- [Data extract]
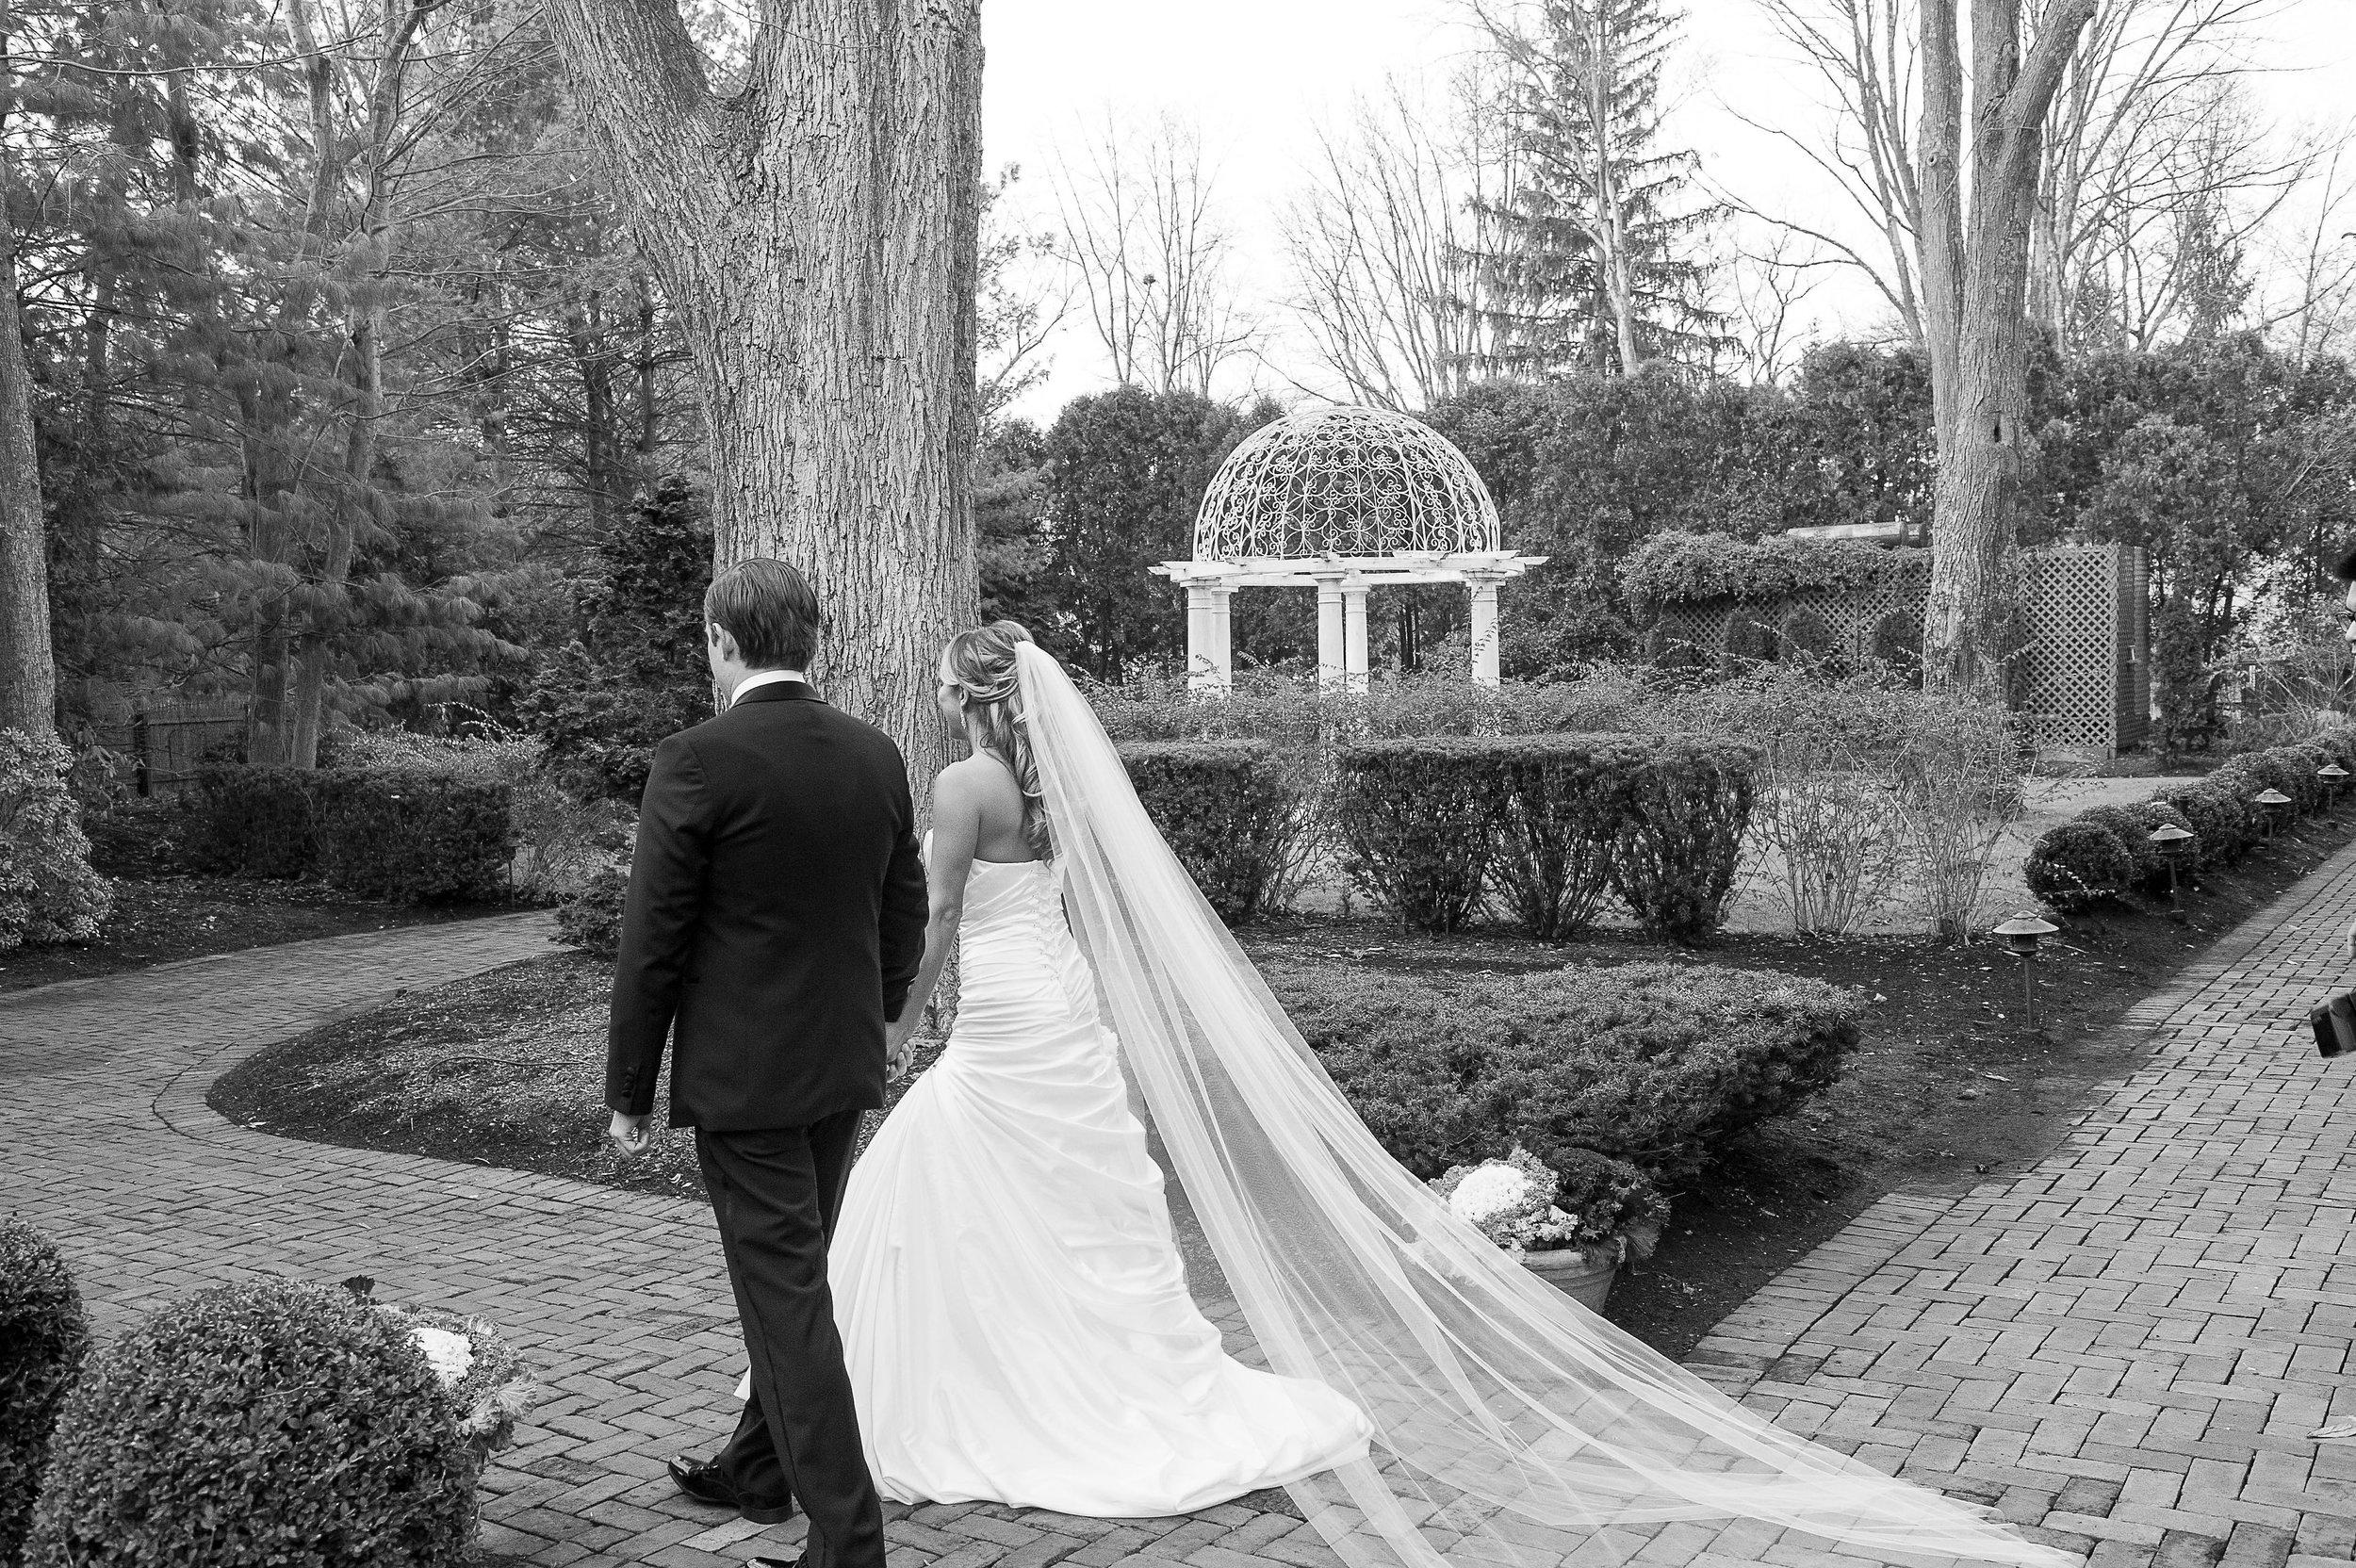 Ceci_New_York_Custom_Invitation_ New_Jersey_Wedding_Luxury_Personalized_Ceci_Style_Bride_Foil_Stamping102.JPG
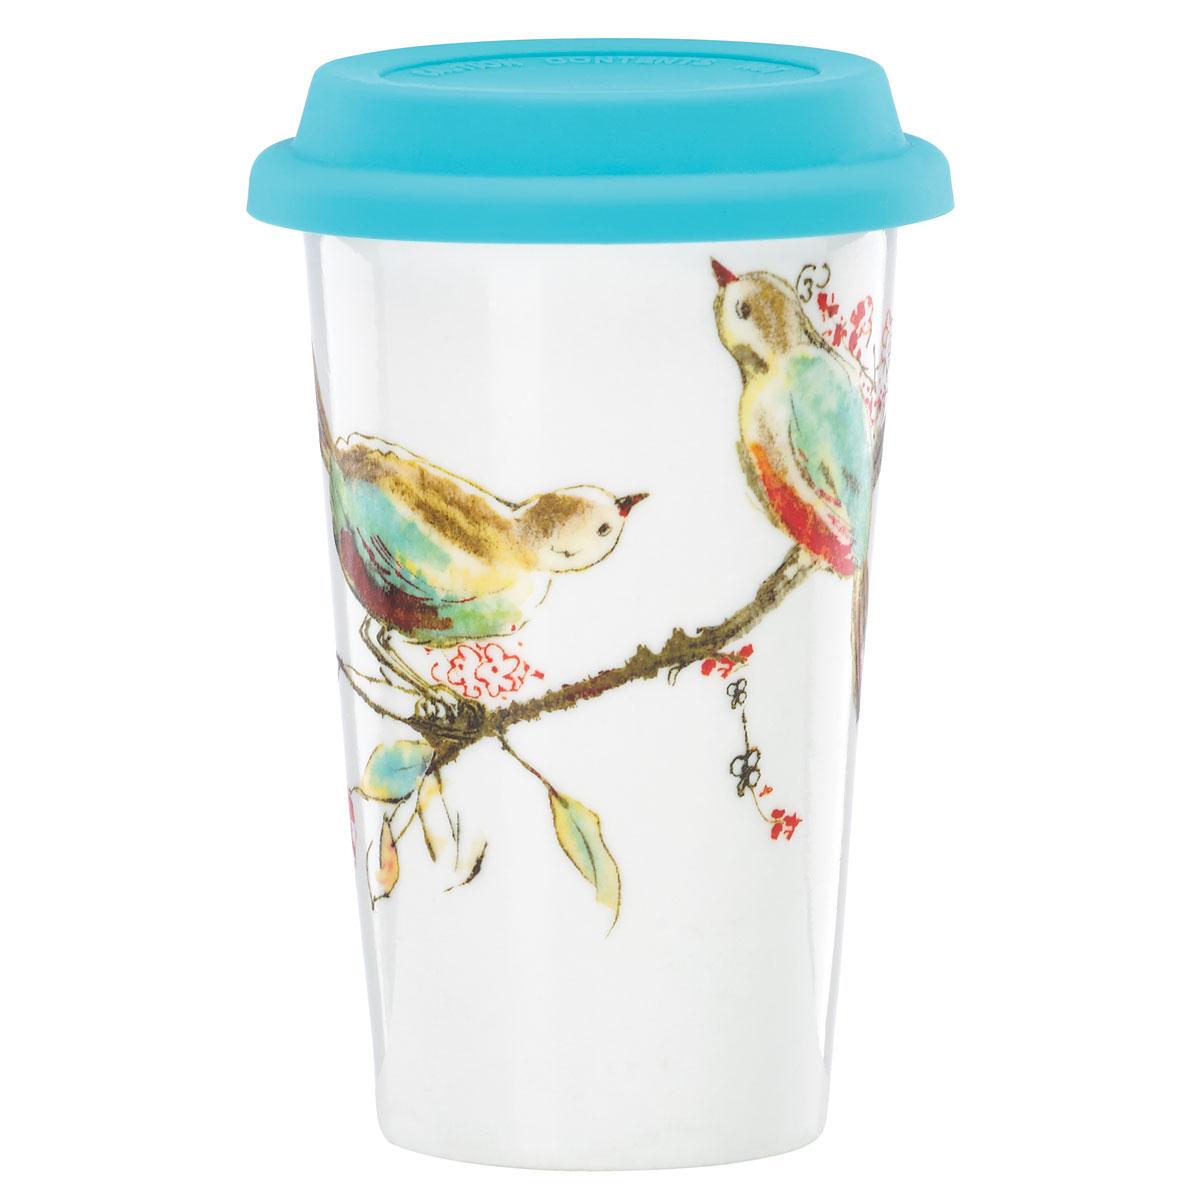 Lenox Chirp Dinnerware Thermal Travel Mug
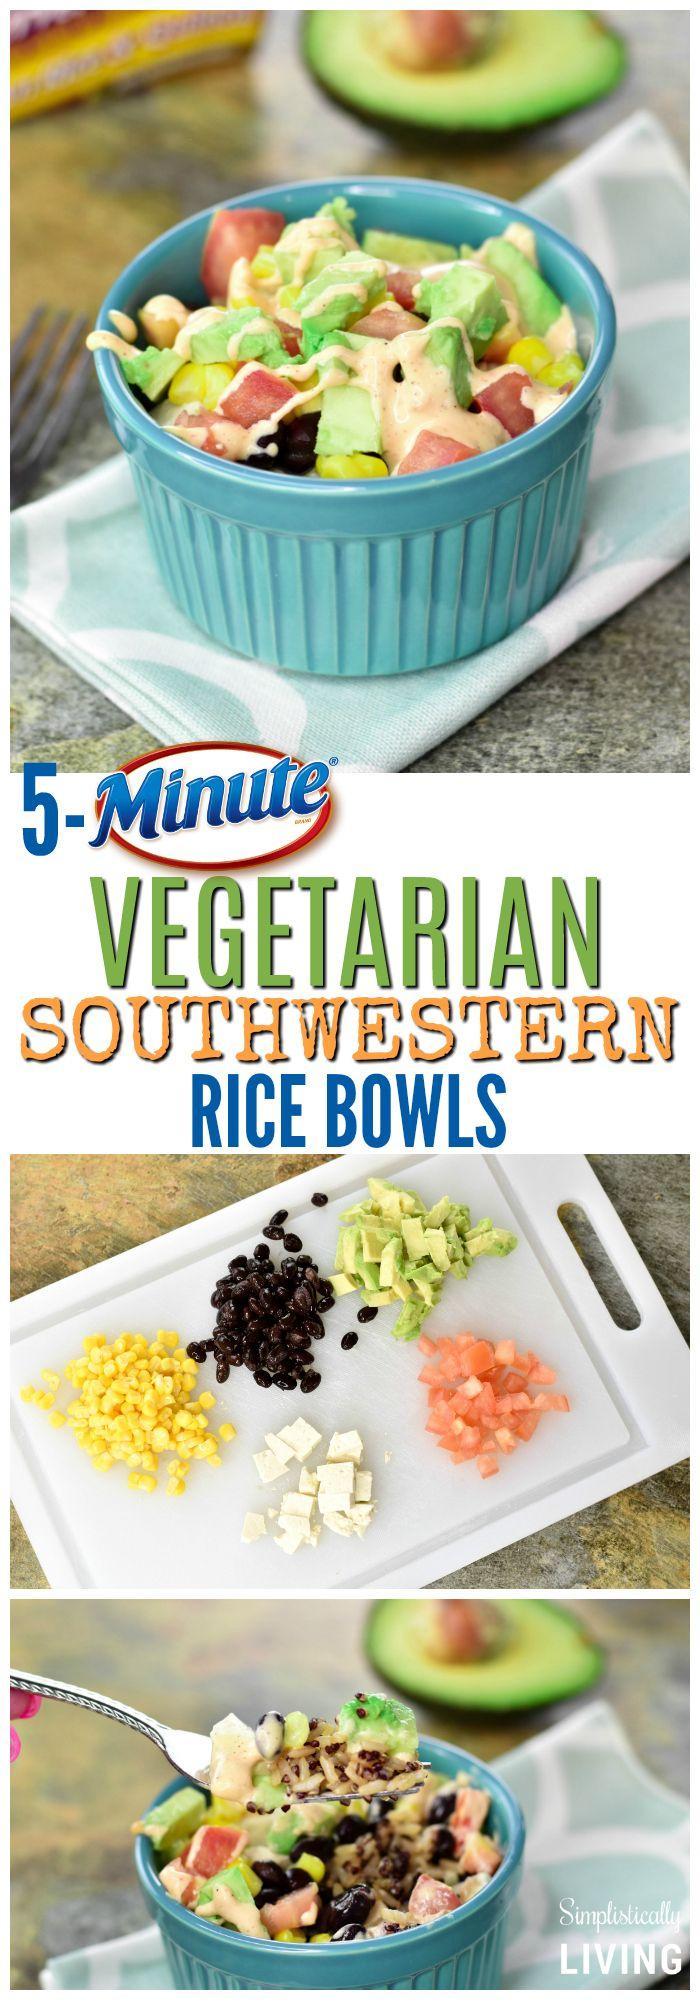 5-Minute Vegetarian Southwestern Rice Bowls AD http://www.simplisticallyliving.com/5-minute-vegetar…stern-rice-bowls/
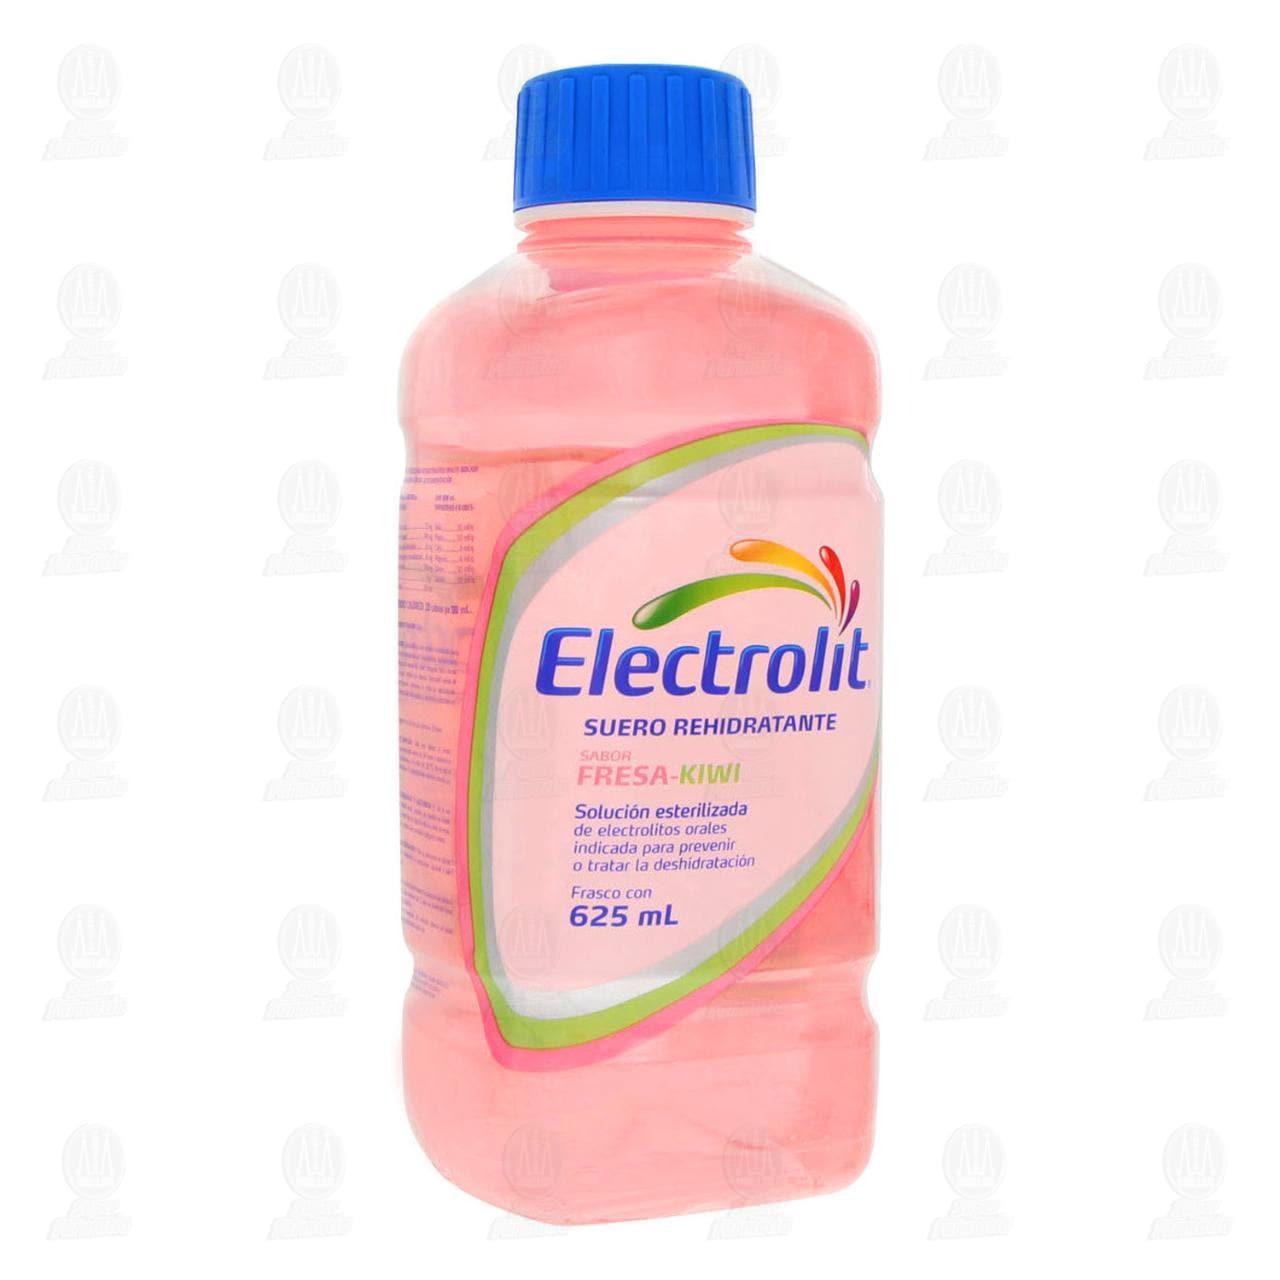 Electrolit Fresa Kiwi 625 ml. Adulto Plástico

- [Description of the task] Your answer must be an exact copy of the data above, minus its pictures.

- [Answer to the exercise]
 Ceci_New_York_Custom_Invitation_ New_Jersey_Wedding_Luxury_Personalized_Ceci_Style_Bride_Foil_Stamping102.JPG
 Lenox Chirp Dinnerware Thermal Travel Mug
 5-Minute Vegetarian Southwestern Rice Bowls AD http://www.simplisticallyliving.com/5-minute-vegetar…stern-rice-bowls/
 Electrolit Fresa Kiwi 625 ml. Adulto Plástico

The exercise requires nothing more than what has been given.